Docs are concise: https://janet-lang.org/docs/index.html

Full API is here: https://janet-lang.org/api/index.html

[edit] I fully agree that "getting started" on Clojure is easier than used to be. Anyway I still think there is room for improvement.


You're 2 clicks away from having a fully-featured clojure environment + an interactive clojure tutorial, thanks to Calva (vscode clojure plugin) running in the browser:

- click here[0]

- click on SSO provider

More information here[1]. Of course, it'd be better to just use the Calva plugin with VSCode. That's a bit more than 2 clicks, maybe about 5.

On another hand, I don't mean to say that it's easy to start programming on Clojure, merely that it's now easy to try it out. There's a steeper learning curve than python or JavaScript, specially on the tooling side.

[0] https://gitpod.io/#https://github.com/PEZ/get-started-with-c...

[1] https://calva.io/get-started-with-clojure/


> It's also not dogmatic. You can use mutable and immutable versions of the same data structure.

However from their description and the complexity promises it looks like the immutable collections are literally just the mutable ones without mutation ability (similar to Java's immutable* wrappers) which greatly limits their effective usefulness.

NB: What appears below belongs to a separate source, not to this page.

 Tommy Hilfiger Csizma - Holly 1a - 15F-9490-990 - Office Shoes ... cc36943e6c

> Full API is here: https://janet-lang.org/api/index.html

Sadly even worse than clojure's which is already not great.


> Sadly even worse than clojure's which is already not great.

I thought Clojure's immutable collections were generally considered good. What else would you consider "great"?

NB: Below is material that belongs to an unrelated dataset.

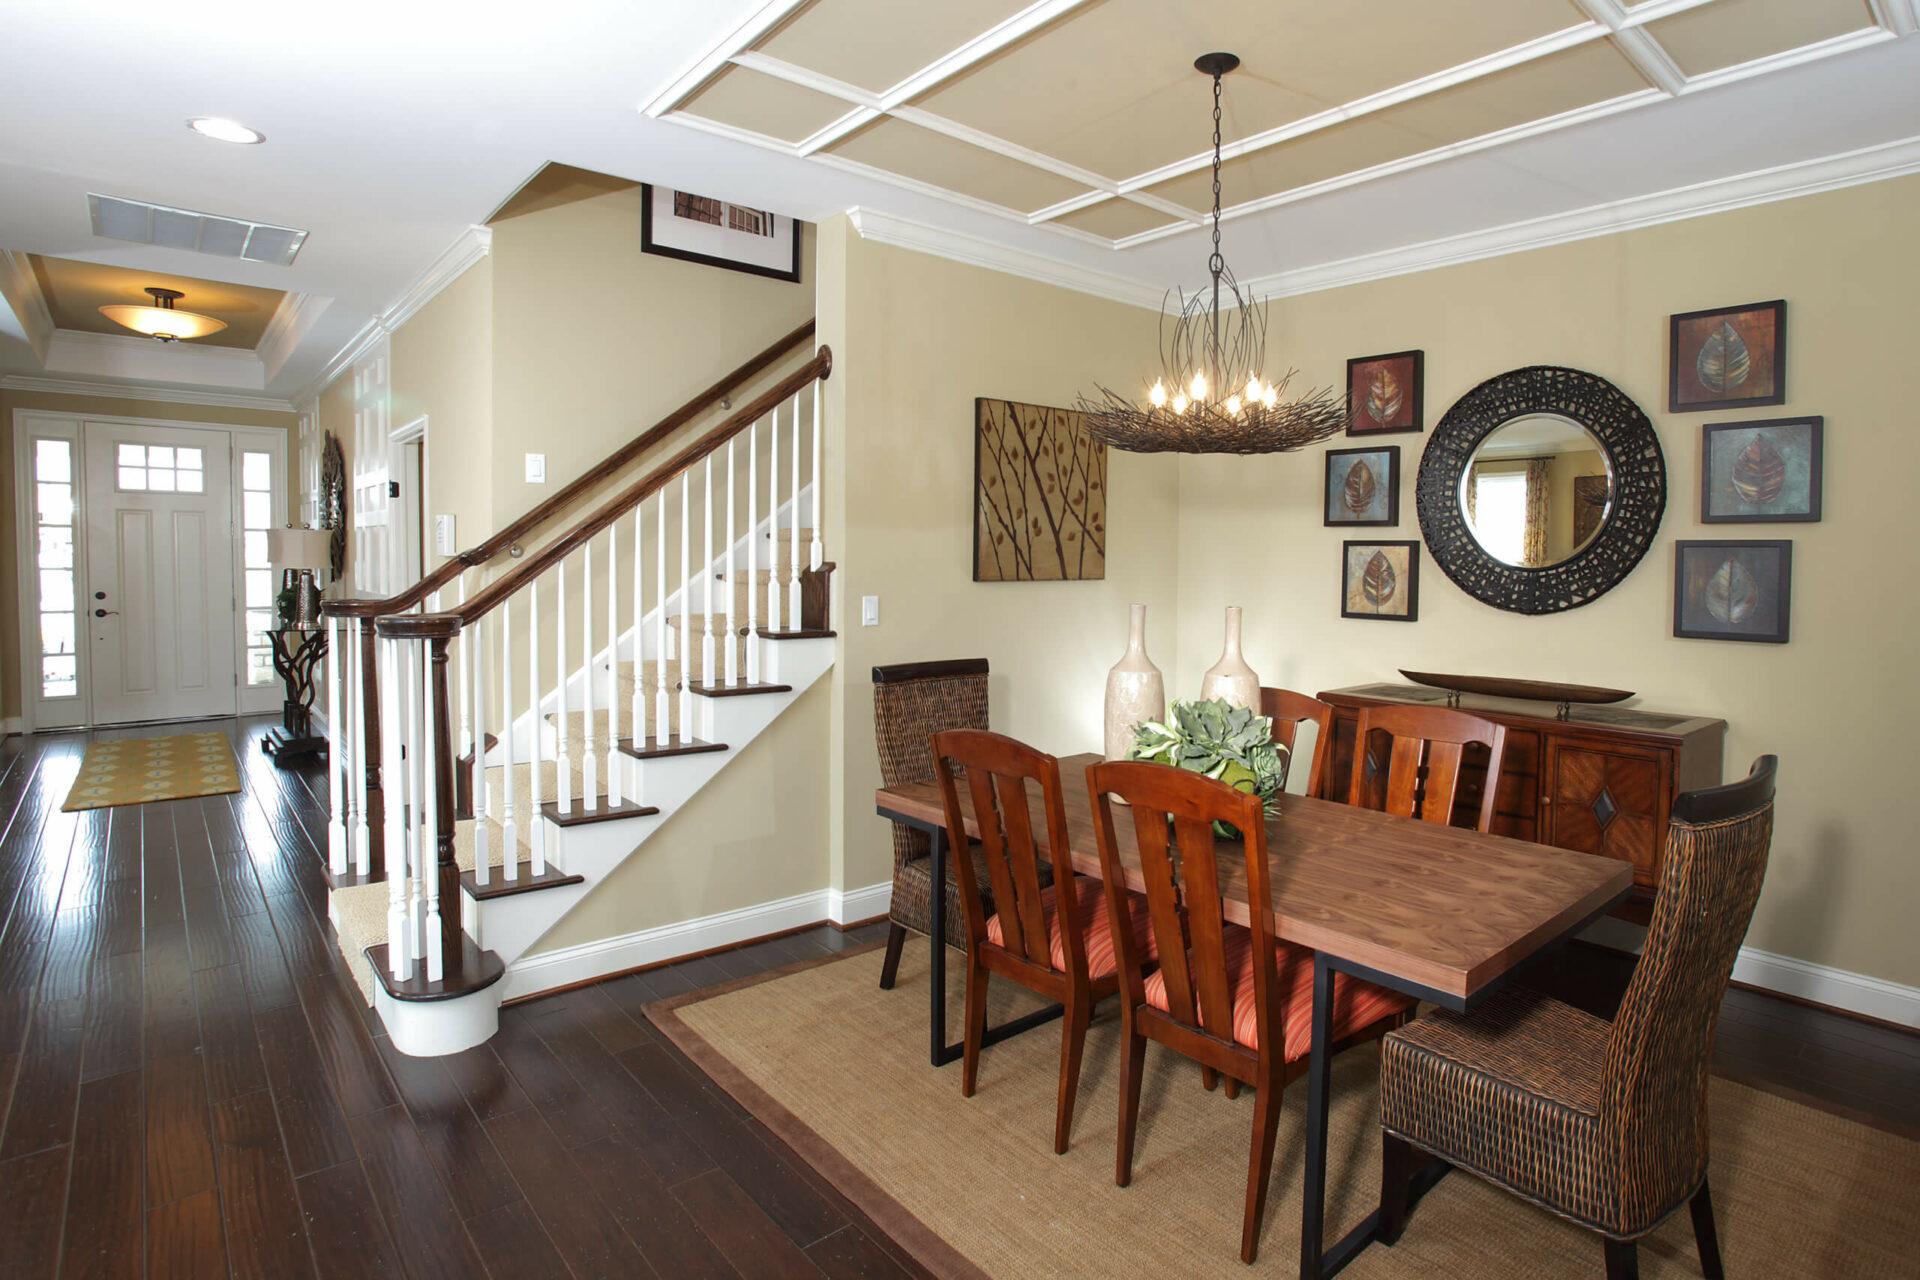 The Washington Designer Model 55+ Community Home in Lititz, PA

Edit: or was that a complaint about the quality of the documentation, not the quality of the immutable collections?


> Edit: or was that a complaint about the quality of the documentation, not the quality of the immutable collections?

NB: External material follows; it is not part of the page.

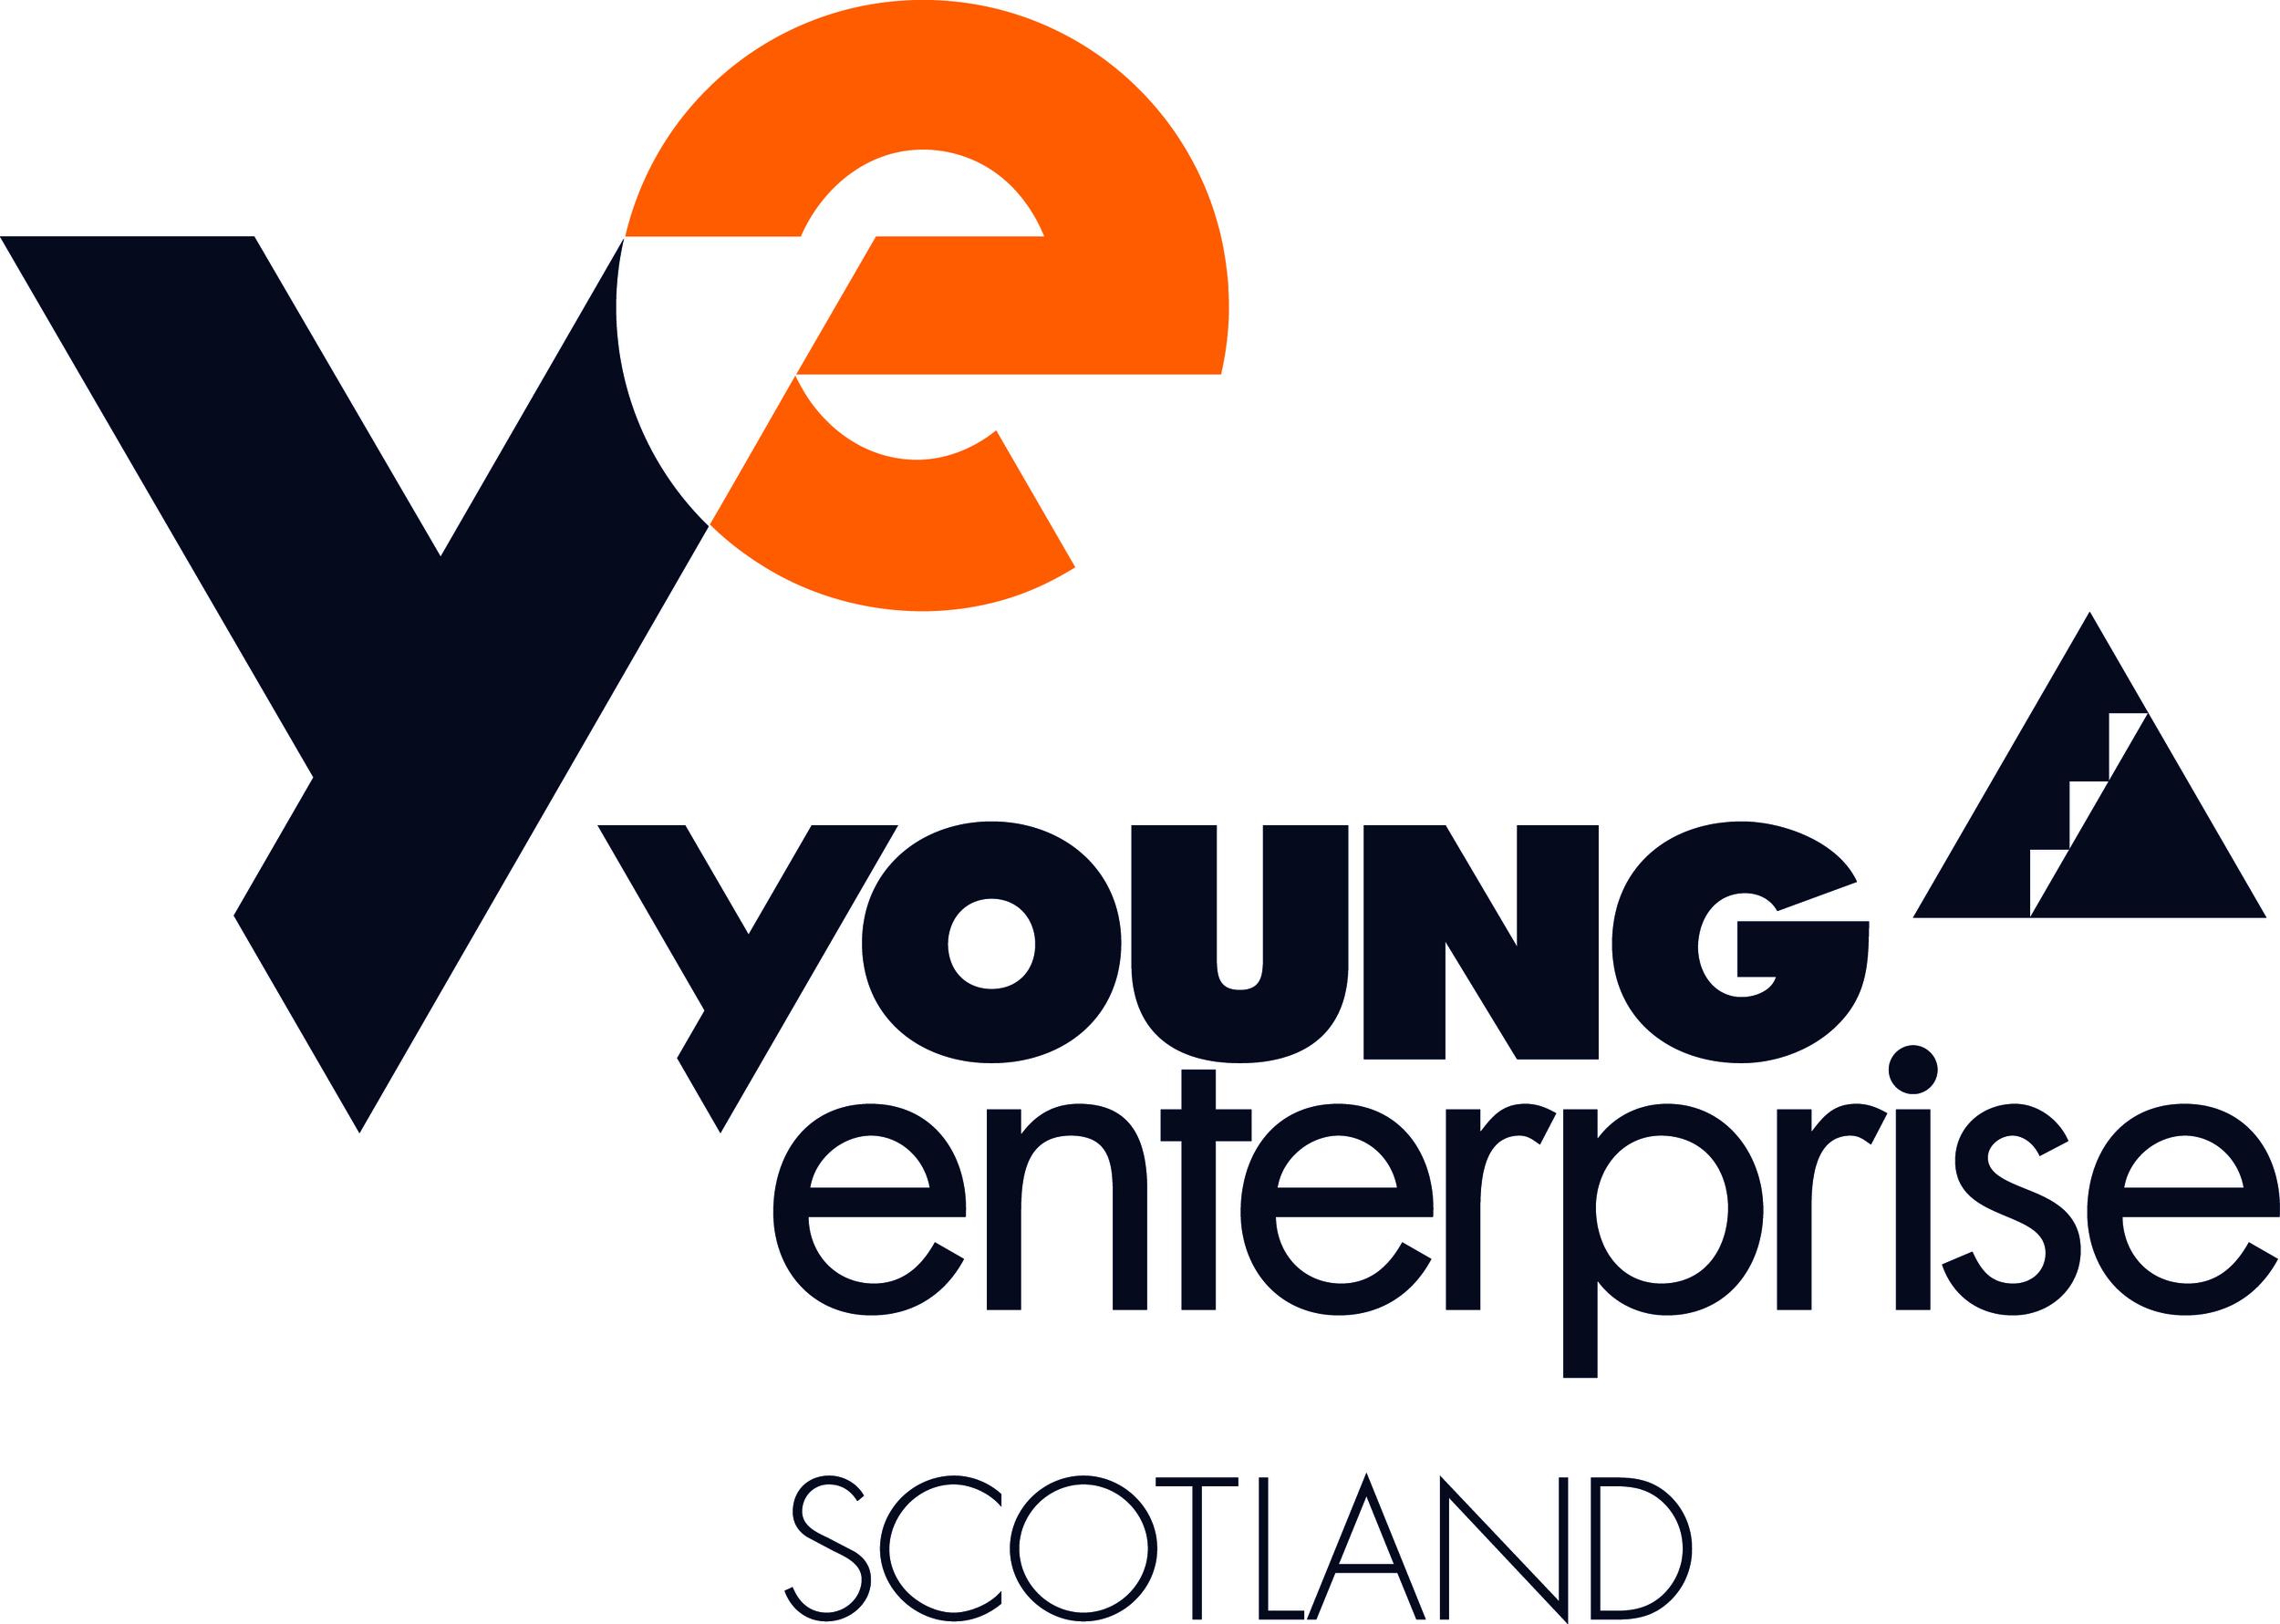 YE_ScotlandLogo_BigText_CMYK-01.jpg

Yes, sorry if that wasn't clear.


I think the HAMTs are pretty darn solid.

I think, however, that scala raised the bar with RRB trees over the trie-based immutable vectors. And using java strings is pretty sad...


> which greatly limits their effective usefulness.

Interesting

Why?

And what’s the alternative implementation?


Persistent collections with structural sharing (b-trees, HAMT, RRB-vectors, …).

I can absolutely understand not using them if the implementation is intended to be simple or the systems it's running on is resource limited, but simply removing the mutation bits of mutable collections is quite limiting as it incurs large overhead when actually working with them (you have to copy the entire thing every time you want to update anything).

Unless the collections are always kept quite small: modern architectures are very good at dense arrays, so modern immutable data structures are trees of small-ish arrays (usually a small number of dozens, IIRC Clojure uses 32-wide nodes).


I learned a lot. Thank you


Racket is also just 1 download away and even comes with an IDE.


It is little weird, but it's also really fun to work with, if you're doing things that don't need to ship yesterday.

Working with Janet has deepened my knowledge of the Win32 APIs, for example, because it makes writing small bits of C for interacting with them about as easy as that can be.

I also like how it makes data structures and functions look the same in terms of access, and how it handles nil.


I guess it's easy to parse, and excellent for macros!